[Opening DATA SEGMENT section]
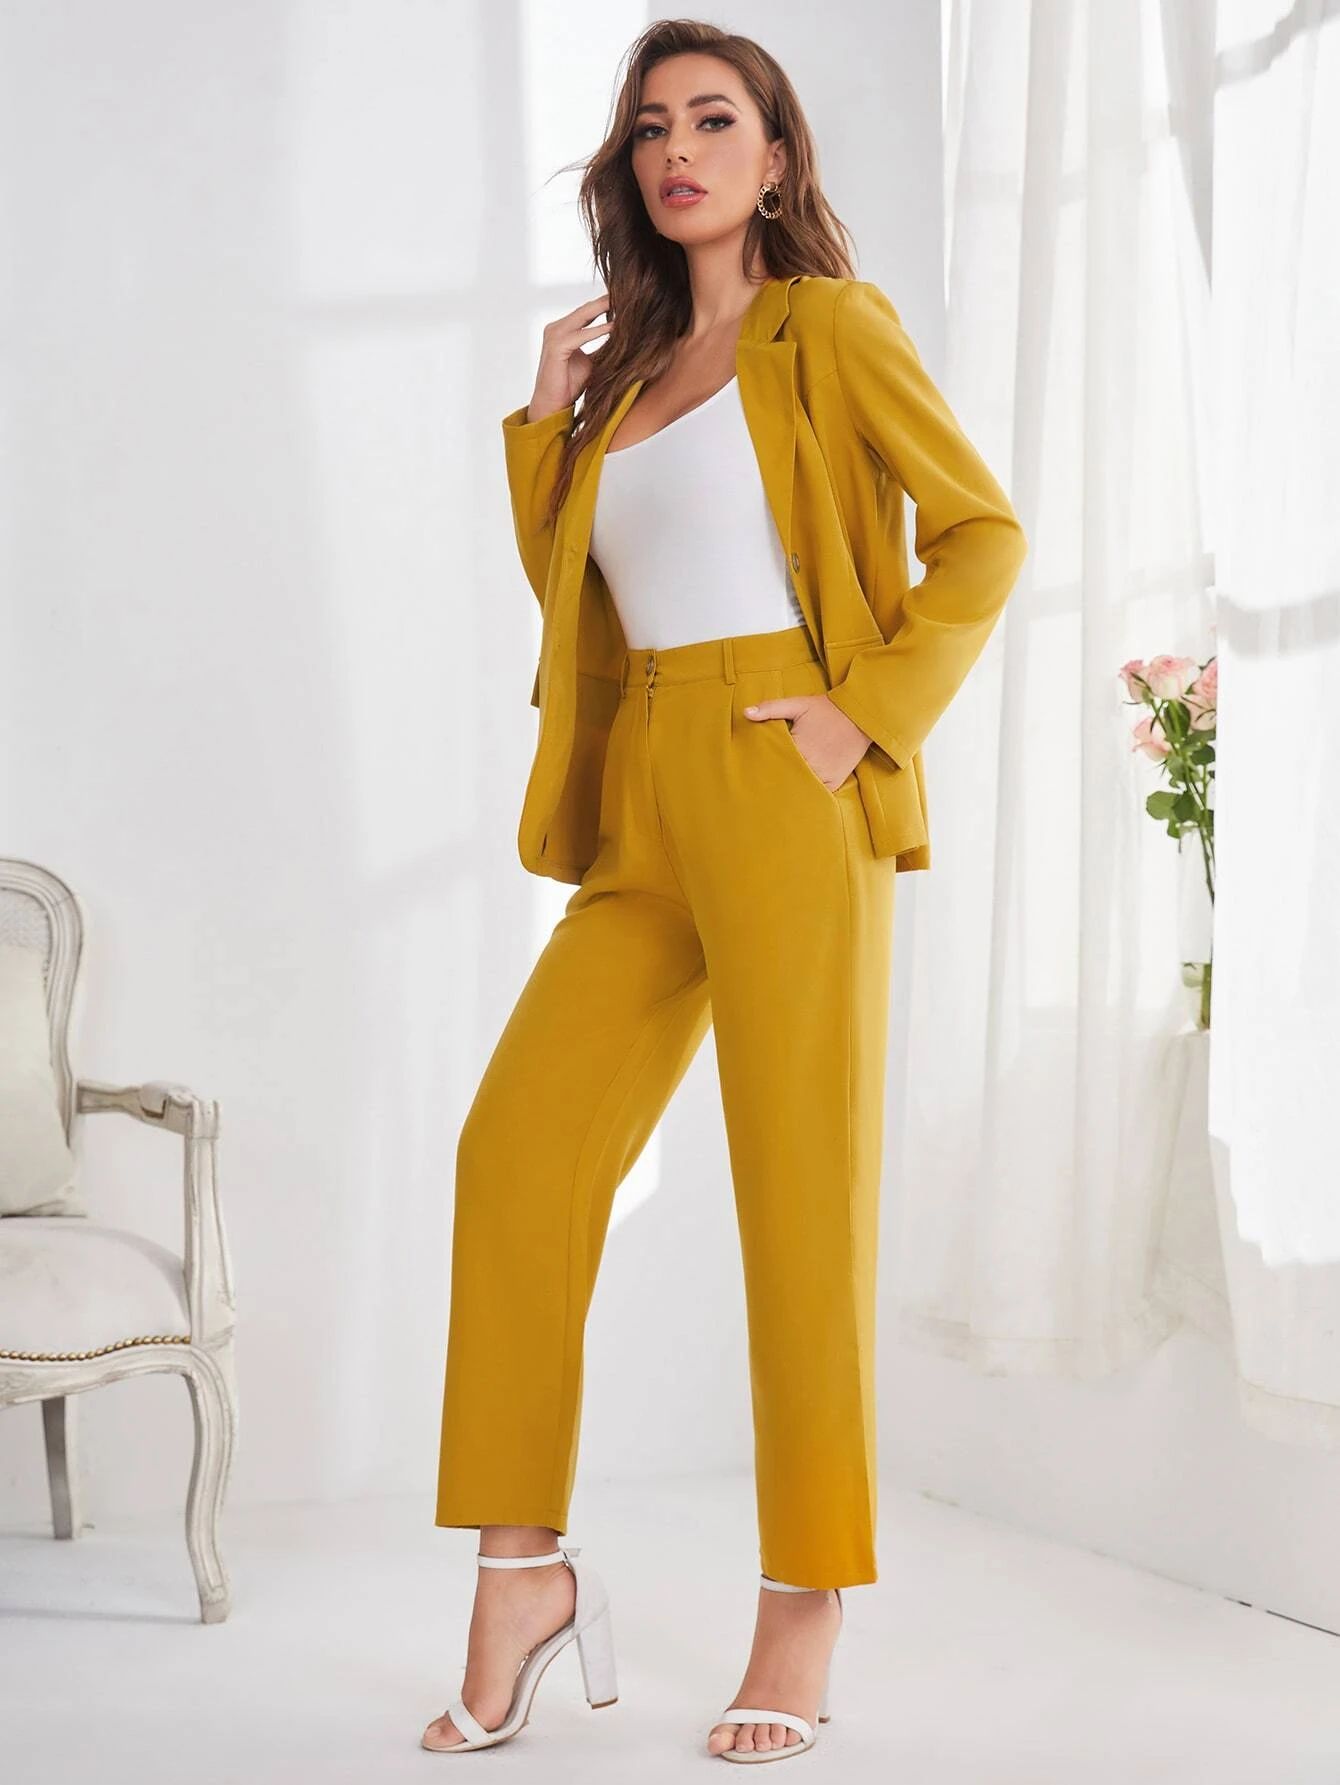 SHEIN BIZwear Solid Button Front Blazer & Tailored Pants Workwear | SHEIN
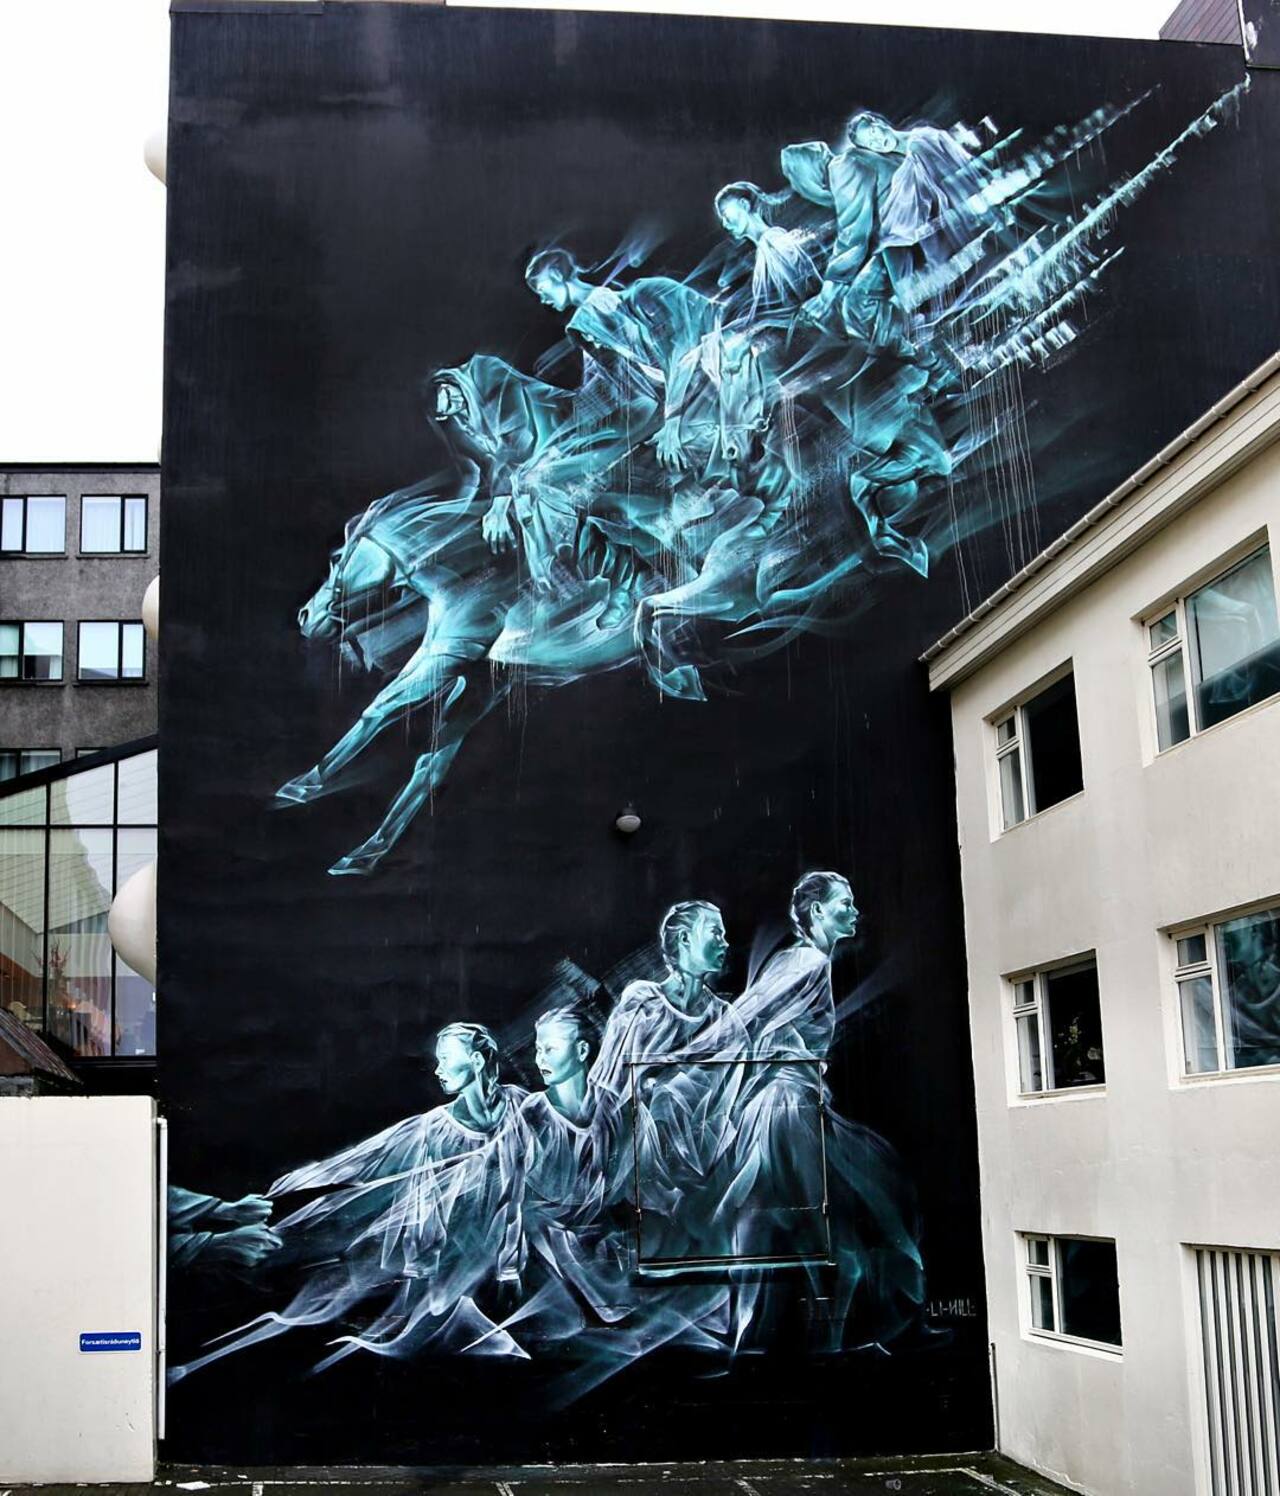 RT @thx2111: Li-Hill unveils a beautiful mural in Reykjavik, Iceland. #StreetArt #Graffiti #Mural http://t.co/V5uqBX1UoP
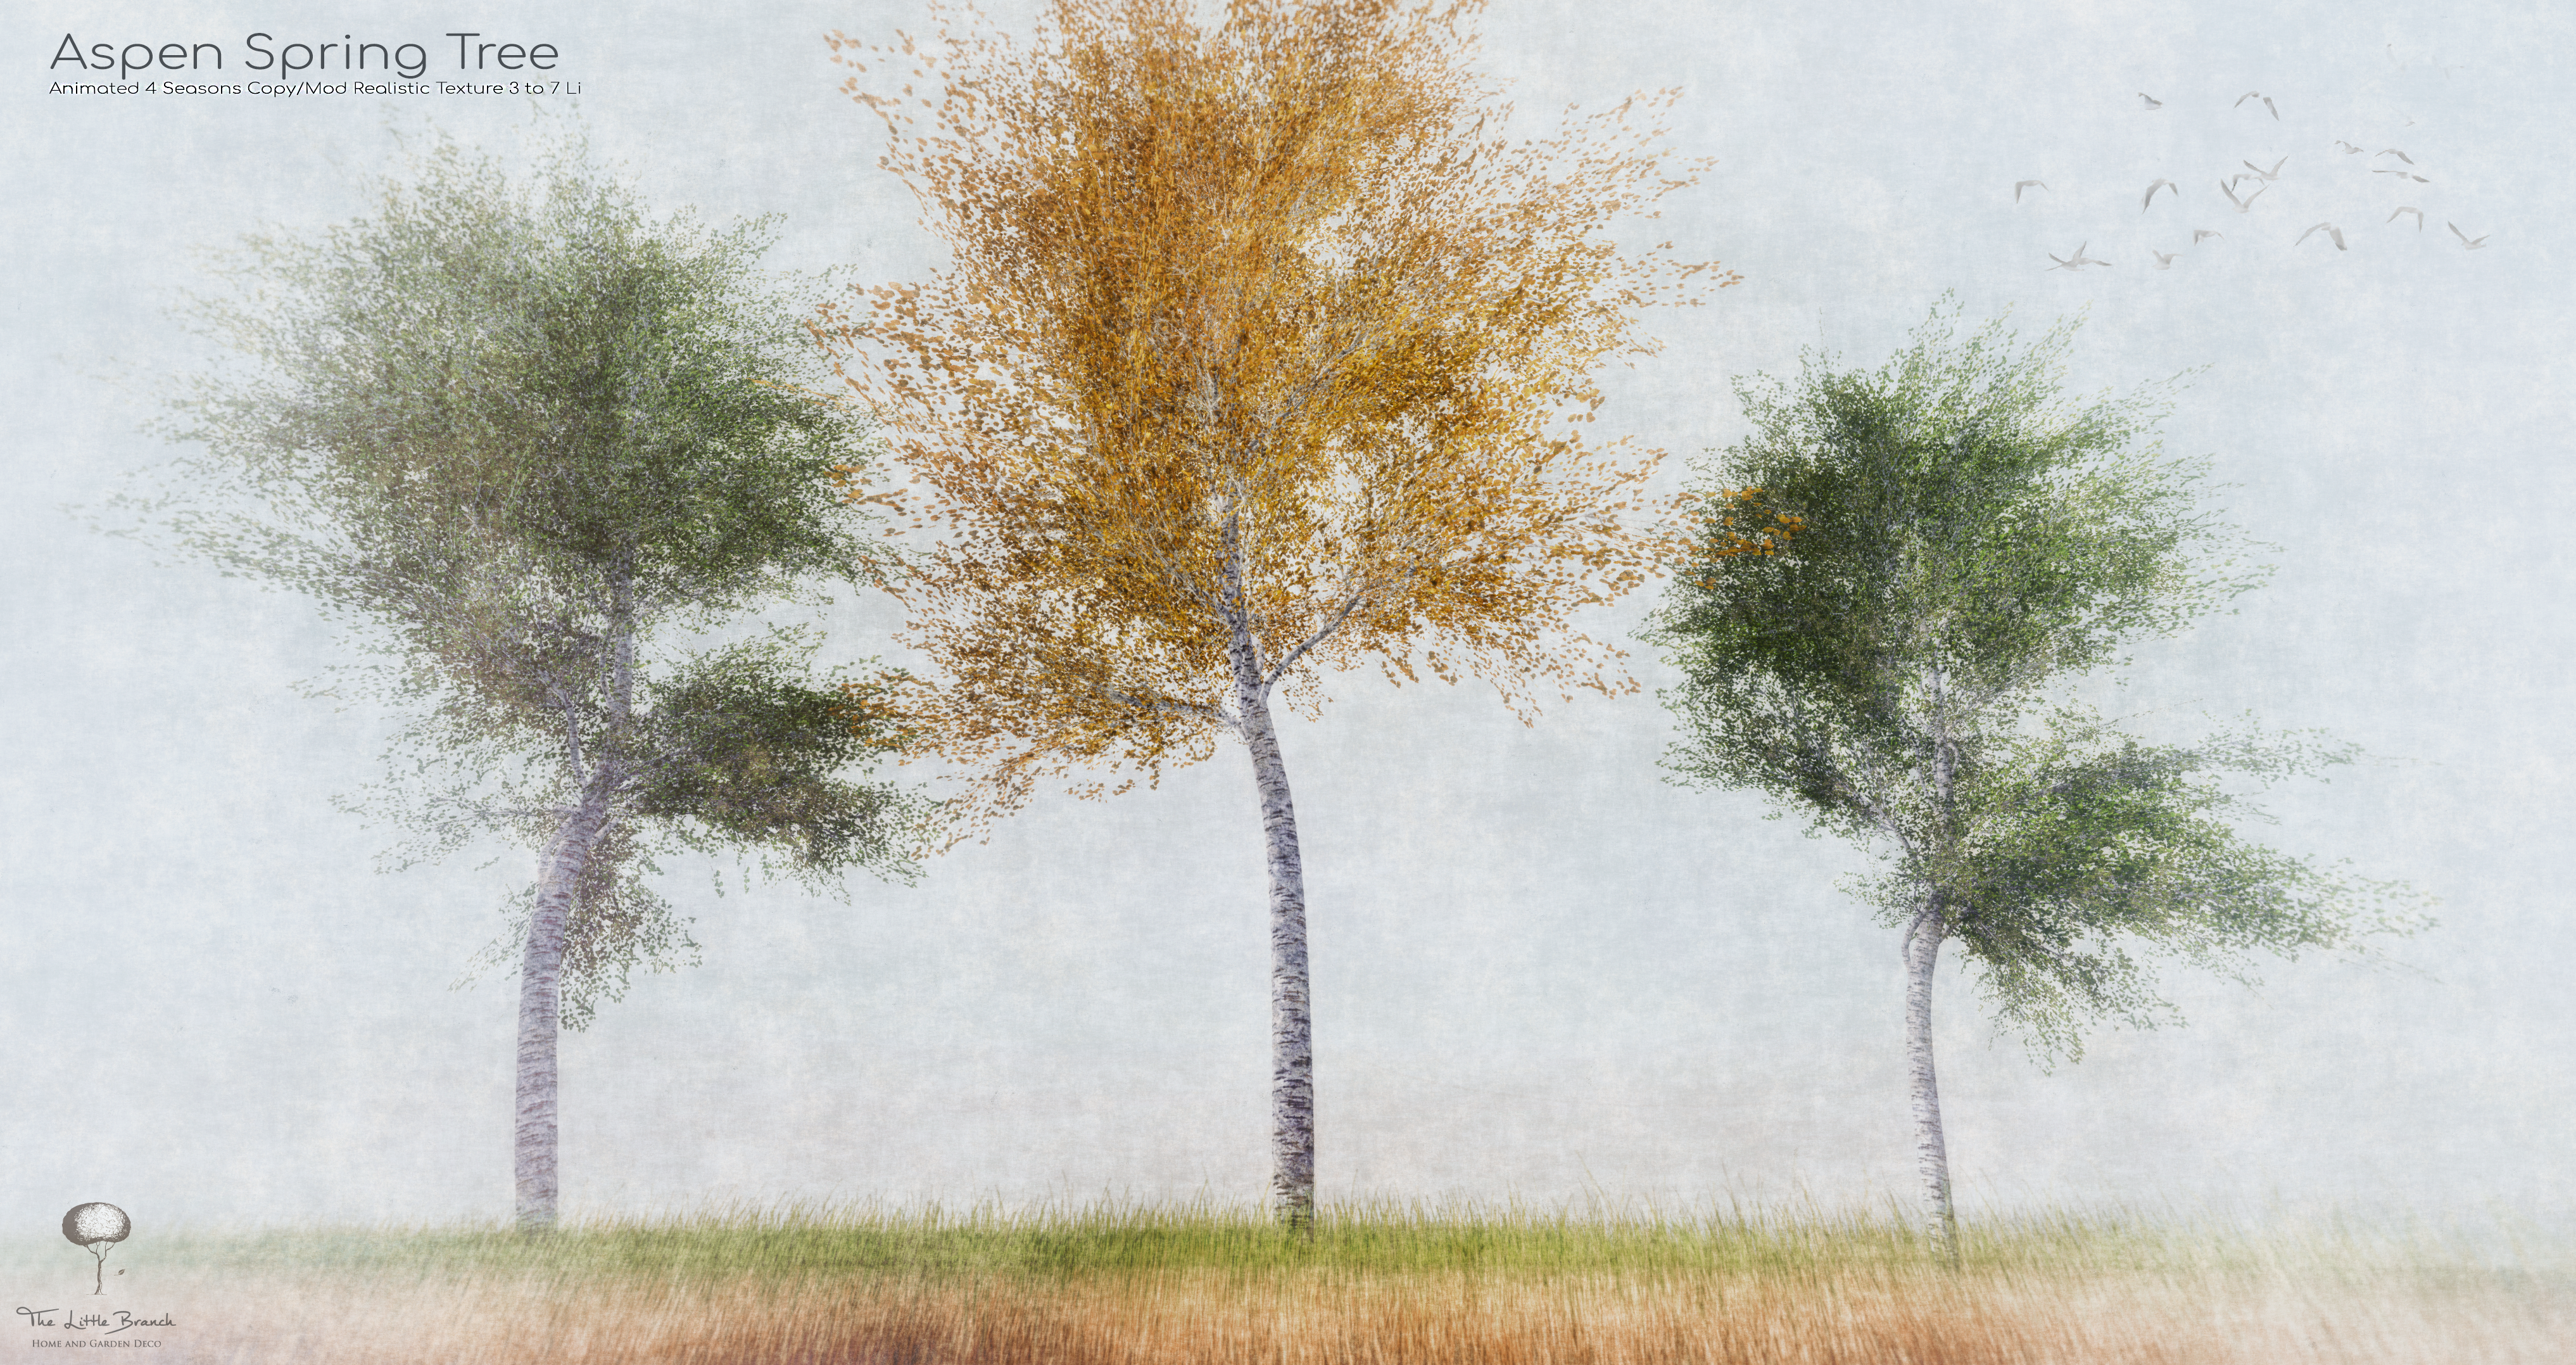 The Little Branch – Aspen Spring Tree
[Closing DATA SEGMENT section]
### INSTRUCTIONS FOR THE TASK
Begin at the line containing "RT @thx2111: Li-Hill" and stop at the last line of the data. Repeat only those lines, exactly, and leave out the pictures.

### OUTPUT FOR THIS TASK
 RT @thx2111: Li-Hill unveils a beautiful mural in Reykjavik, Iceland. #StreetArt #Graffiti #Mural http://t.co/V5uqBX1UoP
 The Little Branch – Aspen Spring Tree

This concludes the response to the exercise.